However, this work also raises several questions, notably whether other microsatellite expansions, embedded in yet unrecognized ORFs and thus translated into potentially toxic proteins, remain to be identified (Supplementary Note 8). Patent candidates would be the GGC repeat expansions found in the LRP12 and ABCD3 genes, causing OPDM1 and OPDM5, respectively^4,11^. Whether these microsatellite mutations located in sequences annotated as noncoding are nonetheless translated into new and toxic proteins is an exciting question for future studies. It also remains to be determined how these polyglycine proteins are toxic. They form cellular inclusions, which is consistent with the known self-aggregation properties of glycine homopolypeptides that form amyloid-like fibrils^37,38^. However, whether these polyglycine proteins are toxic under their soluble or aggregated form is unknown. Similarly, it is unclear whether their localization is important for their toxicity, and, in that aspect, how these polyglycines accumulate in the nucleus in the absence of an evident nuclear localization signal remains to be clarified (Supplementary Note 8). Another point of interest is the side-by-side comparisons of these diverse polyglycine proteins, which reveal that their abilities to form inclusions and promote cell death originate from their central and common polyglycine core, while their localization, expression, half-life, aggregation and interactions with other proteins are modulated by their specific N-terminal and C-terminal flanking sequences, originating from their hosting ORFs. It remains to be investigated thoroughly how these flanking sequences modulate the toxicity of these polyglycine proteins.

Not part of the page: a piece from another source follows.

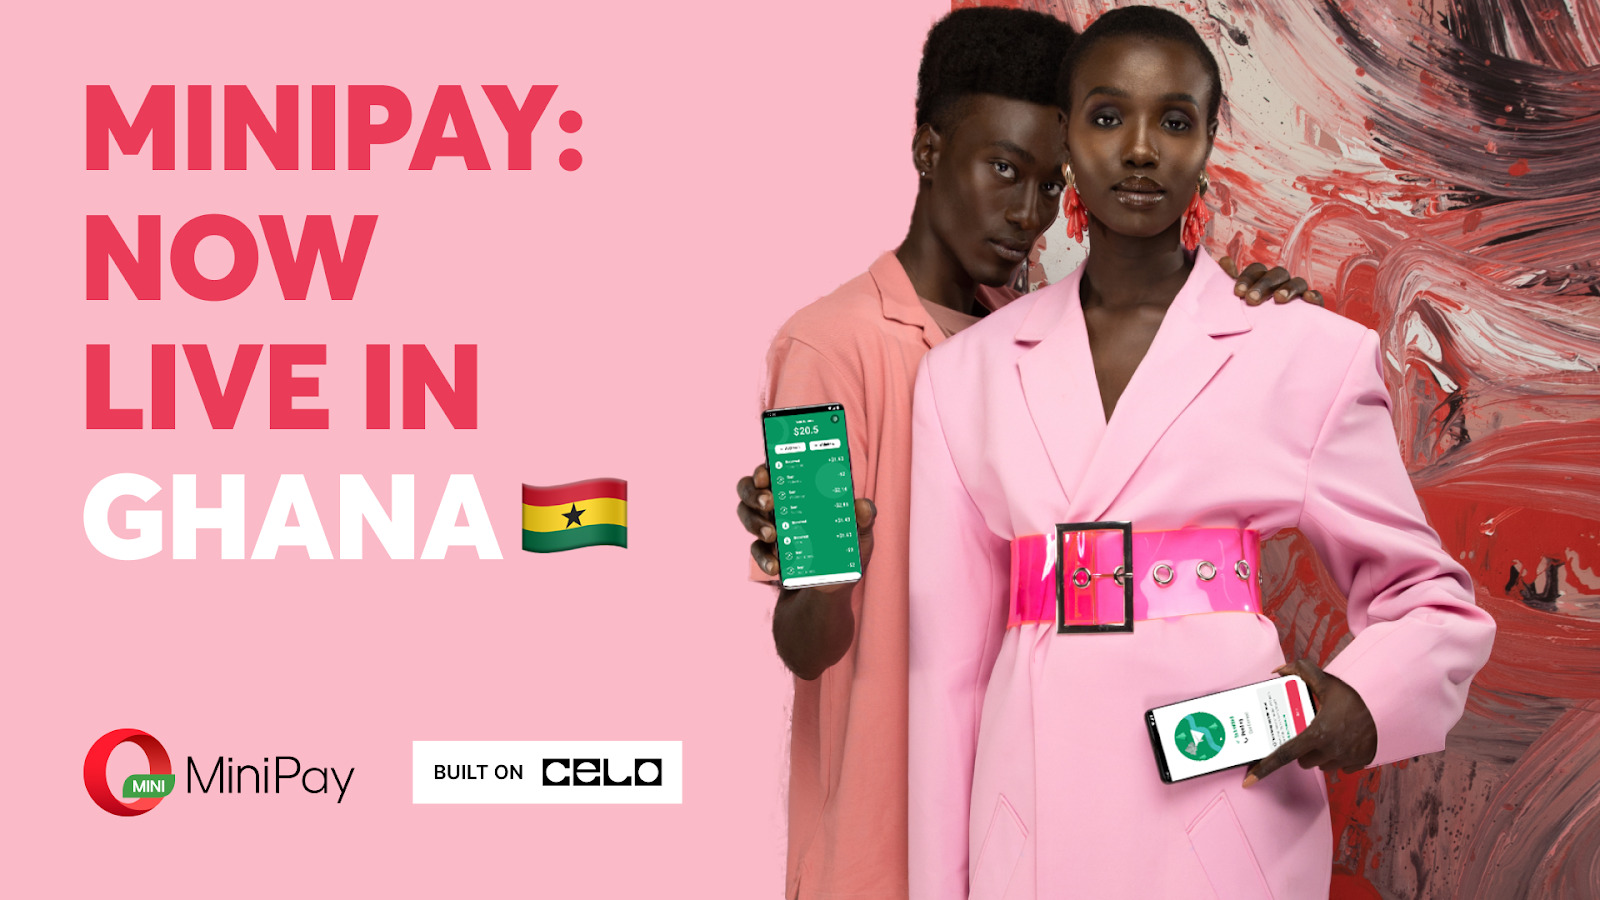 Two Ghanaians benefitting from Opera Mini's new digital wallet, MiniPay.

In conclusion, this work highlights a unified pathogenic mechanism for the skeletal muscle and CNS dysfunctions observed in individuals with OPDM, NIID and OPML, where GGC repeat expansions are embedded in previously unrecognized ORFs and consequently translated into new and toxic polyglycine-containing proteins. Consistent with a shared mechanism of toxicity, this work also provides proof of concept that a common therapeutic approach may be worth pursuing for these neurological disorders.
Methods
Human samples
Human muscle samples were sampled with the informed consent of individuals and families and approved by the Institutional Review Board of the Peking University First Hospital, First Affiliated Hospital of Fujian Medical University and National Center of Neurology and Psychiatry. This study was approved by the ethics committees of Peking University First Hospital, First Affiliated Hospital of Fujian Medical University and National Center of Neurology and Psychiatry, and all procedures were conducted in accordance with relevant guidelines and regulations. Muscle biopsy samples from patients with OPDM, OPML and NIID and age-matched control participants were examined. All clinical materials were obtained for diagnostic purposes after informed consent was provided. Before this study, all samples had been analyzed using routine histology techniques and EM. Fresh-frozen samples were stored at −80 °C until use.
Mice
All animal work were performed with approval from the IGBMC/ICS Animal Care Committee and the French agency for research on animals, Direction générale de la recherche et de l’innovation (DGRI), authorization APAFIS33864-2021111217327782. C57BL/6 wild-type male mice were retro-orbitally AAV-injected at 2 months and then housed for 6–8 months in a temperature-controlled room (19–22 °C) with a 12-h light/12-h dark cycle and free access to food and water. Mice were killed by carbon dioxide (CO_2_) inhalation to dissect the different skeletal muscles, heart and brain, which were subsequently frozen for molecular biology, freezing using prechilled isopentane or paraformaldehyde (PFA)-fixed and embedded in paraffin for histology.
Cell cultures
U2OS and HEK293 cells were grown in DMEM containing 1 g l^−1^ glucose with 10% FCS and gentamicin at 37 °C in 5% CO_2_. LHCN-M2 cells were grown in DMEM containing 4.5 g l^−1^ glucose with 20% FCS, without PyrNa/M199, supplemented with 25 µg ml^−1^ fetuin, 5 mg ml^−1^ hEGF, 0.5 mg ml^−1^ human bFGF, 5 µg ml^−1^ human insulin, 0.2 µg ml^−1^ dexamethasone and gentamicin at 37 °C in 5% CO_2_. Differentiation of the LHCN-M2 cells was induced by serum removal. U2OS T-Rex cells (Thermo Fisher Scientific) stably expressing Nup50-Cherry were lipofectamine-transfected with Pci1-linearized pcDNA3 expressing Nup50 fused to the mCherry and selected for neomycin resistance for 2 weeks.
Constructs
Human GIPC1 exon 1, antisense RILPL1 and LOC642361 lncRNA sequences upstream of their GGC repeats were cloned into pcDNA3.1 fused to GFP lacking its start codon (ΔATG), with each insert cloned in all three reading frames. Mutations of the ATG or CTG start codons, or within ORFs, were achieved by inverse PCR or by oligonucleotide ligations. GIPC1 uORF, antisense RILPL1 and LOC642361 small ORFs with either 12 or 100 optimized GGN repeats were synthesized by GenScript and fused to GFP into a pAAV2-CAG vector. To ensure repeat expansions stability, all GGC repeat-containing plasmids were transformed into STBL3 bacterial strain (Invitrogen), and all constructs were confirmed by sequencing.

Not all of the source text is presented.